The Minnesota Lath and Plaster Bureau as well as the Builders Association of Minnesota counter that the paper itself is not the problem, but the way it's installed. No. 15 is allowed in commercial buildings, they say, why not residential as well?
"No. 15 felt has been used by the plastering industry since the 1950s," said Steve Pedracine, executive director of the Plaster Bureau. "It's absurd for the opponents to say it's a step backward."
Pam Perri Weaver, executive vice president of the builders group, called the paper debate a "red herring" and said her goal in supporting the code change was to give builders better installation techniques for the paper as well as windows, roofs and other known problem areas.

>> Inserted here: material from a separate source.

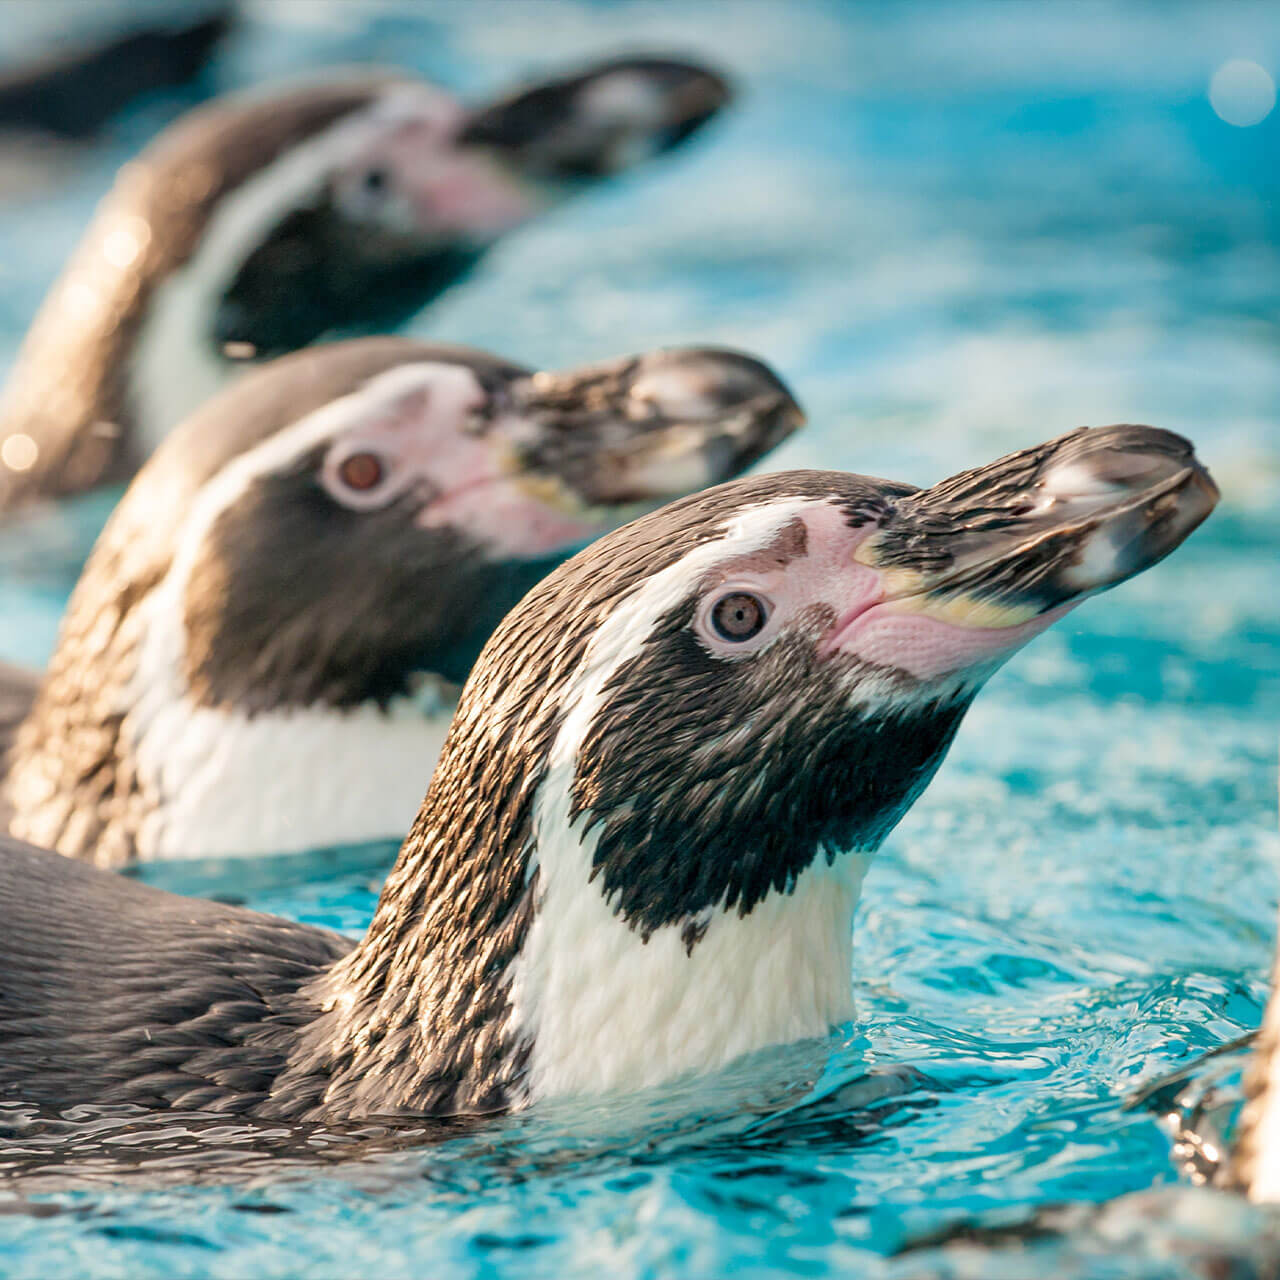 Chessington Zoo Winter Penguins

"There's not a home in the state that's built 100 percent to code," she said. "It's a guideline, a minimum. What's happened over the course of the last three years is [that] it's become a legal document that can be sued from. That's why we've spent time paying attention to what the words say, making sure it can be understood by the builder. Because it's how the builder nails that paper to the board or installs that window is where push comes to shove."
As recently built stucco houses continue to rot from moisture damage, critics say a change in the building code won't solve the problem and will make it harder for homeowners to sue.